12. “There I was at that 4 alarm fire……Just me….against the Red Devil…..”
This is advice I’ve heard people tell Probies. Most of these are direct quotes. The caliber of leadership can sometimes be astounding.
Many things are being discussed in our service today. My take on things is a mix I suppose you could say between sides of the fence that the Fire Service has created. We have the “Safety Sallies” in the blue corner and the “Aggressives” in the red corner. I did the groups in specific corners for a reason, if you figure it out wonderful, if not, sorry. Many issues are in the front of our minds right now. Searching of insert name of building type here, proper size hose lines, ventilation, etc. We seem to split down party lines and to me this about the worst thing we could possibly do.
Here’s a novel idea, break down the fence and meet in the middle!Many outstanding and far more intellegent folks tha I, occupy both “camps,” so how about instead of “flinging poo” as Chief Goodrich has elluded to in his post and “Sir Lancelot etc” by Dave LeBlanc, both on this sight. If you haven’t read them, please do before you finish this. These two gentlemen, who, Dave I know personnally and Art I know through his writing and chatting with, represent the corners. These two guys don’t share the same beliefs on some of the issues, yet they are friends, and meet in the middle, in the battleground that has become of Safety vs Aggressiveness.
We all came on this job to be a fireman, to my knowledge no one forced you to get on that engine, truck, or rescue, if someone was forced to come on the job, stop reading now. Being a fireman, is a tough demanding and dangerous job, period! We’ve come a long way from hanging on the tailboard, trying to pull our boots up, to enclosed cabs, with Seatbelts! Wow, are we good are what? Spare me the butt slapping and back patting we all do, before the job is done. Our job is never going to be done, fires happen, fact and people die, if not for us! Real quick, if you don’t like being referred to as a fireman and would prefer Fighfighter, the touchy feely PC way, just pretend. We have some of the smartest folks in the world working in our profession. IAFF, NFPA, NIOSH, EGH, IAFC,etc, these folks are giving us tools to put in our paperwork toolbox everyday and as firemen and bosses, we need to use them to help keep our members safe. We have hands on training like Brotherhood of Instructors, Vulcan training groups and many other teaching the apparatus toolbox things to make us better firemen, everyday folks!

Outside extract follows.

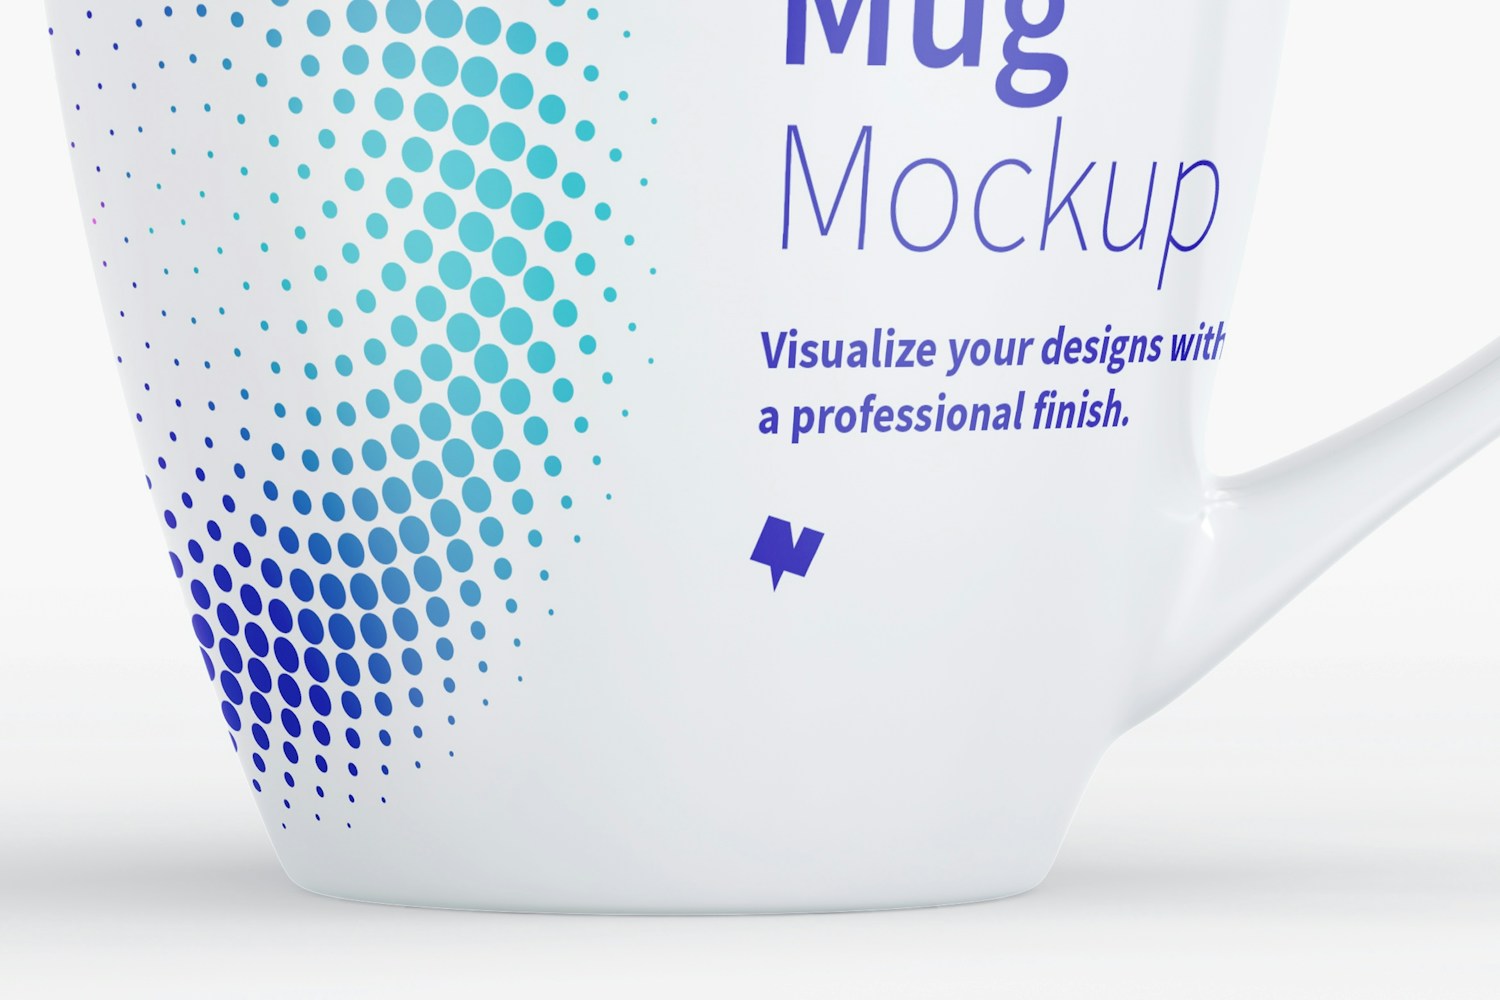 Mug Mockup 09

Novel idea time! Lets use the skills we honed in our apparatus tool box, get the saw, irons, hooks, axes, etc, to take apart this fence and instead having party lines, like the politicians we all agree we don’t like. Let’s look together and have civil disscussions and conversations on how to make both toolboxes work together, to better enhance the Fire Service. Leave the fingerpointing and second guessing outside of our circle. We truely as Firemen are better than that. Be mindful of the families of the lost or injured Brothers the next time you feel you need to point a finger at any Brother or Department, it could be you tomorrow.
We are in the greatest Profession in the world, the bond we have with each other has no borders, nor should our professionalism to our citizens, towns, districts, and our country! Be Safe, but all buildings get searched, we say when and if that building is unoccupied.